As a criminal solicitor I frequently get calls from the Police Station informing me that Clients are in custody. Some of these Clients will be 'own' Clients so they are either known to my colleagues or me, or they are 'duty' clients meaning they have been forwarded to me by the Duty Solicitor Scheme and I have probably never dealt with them before.
Many Clients want legal advice when they are detained at the Police Station. Some have never been arrested before, some are old hands. Some speak to a Solicitor and then want the Solicitor to attend at the Police Station. Then there are those people who speak to a Solicitor, say that they want them to attend at the Police Station and then change their mind.
I often ask myself why did they bother to ask for a solicitor if they did not want them to come to the Police Station?
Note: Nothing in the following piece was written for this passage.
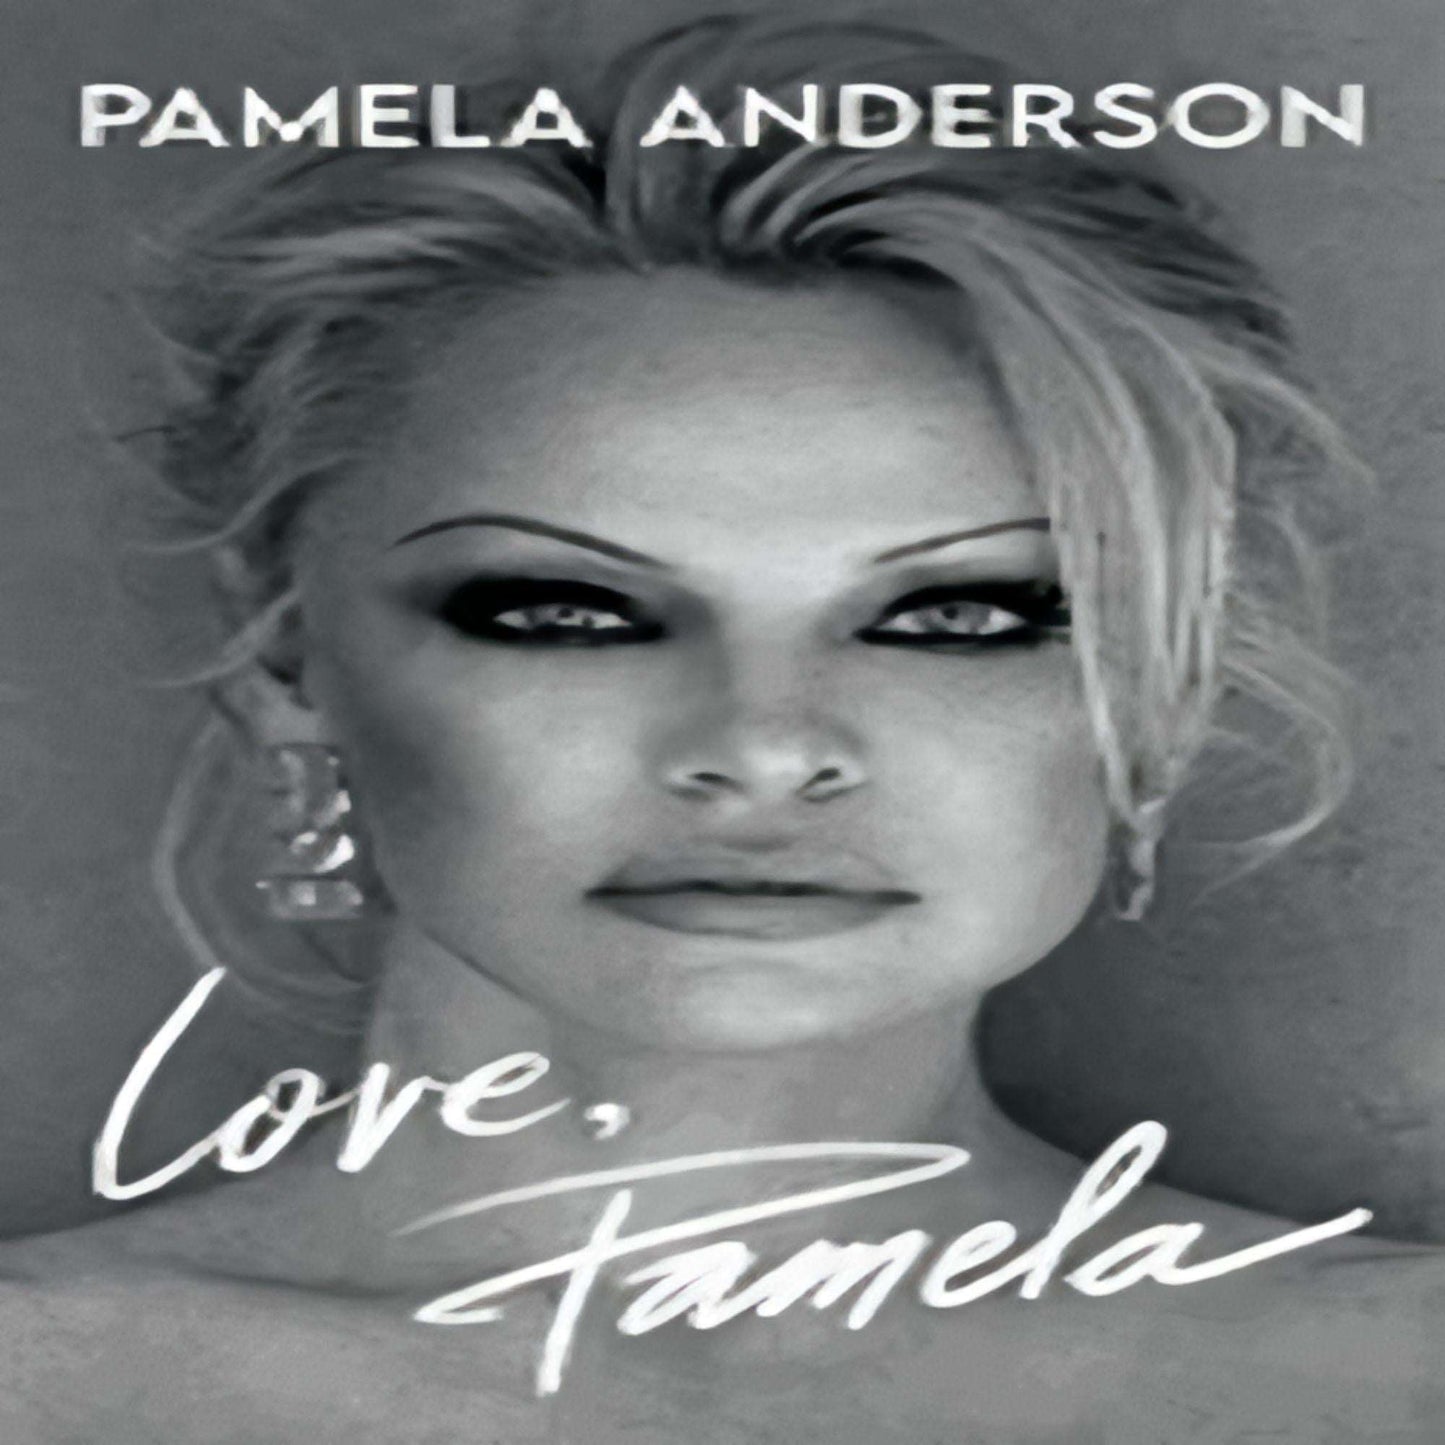 Love, Pamela: A Memoir of Prose, Poetry, and Truth98-021923-0063226561DPGBOOKSTORE.COM. Today's Bestsellers.

I realise that some Clients feel once they have spoken to a Solicitor that they are able to deal with the case by themselves. But if the legal advice is free and the only real cost to the Client is waiting time for the Solicitor to attend why would they refuse a Solicitor?
Over the past month I have had two Clients where this situation has arisen. In both cases I was referred the case by the Duty Solicitor Scheme, and in both cases I spoke with the Client when they were initially detained at the Police Station. Subsequently in both cases I received a further phone call saying that the Client no longer wanted a Solicitor. The first case I could understand, the Client was described by the Police to me as a traveler and he had been arrested for handling stolen goods - he had been arrested before and for the exact same scenario many times. The second case was a little more bizarre. The Client had been arrested as one of a number of Defendants for conspiracy to supply class A drugs and money laundering in a National Crime Squad operation. Why the second Client declined a Solicitor to attend at the Police Station was beyond me as that Client was clearly in danger of going to prison for a very long time. The second Client's reasoning for declining a Solicitor was even more bizarre when you consider they had already had a different firm of Solicitors attend, and then withdraw from the case.
If the advice is free why refuse it? If you were offered a plumber to fix a broken water pipe for free would you refuse their services? I wouldn't.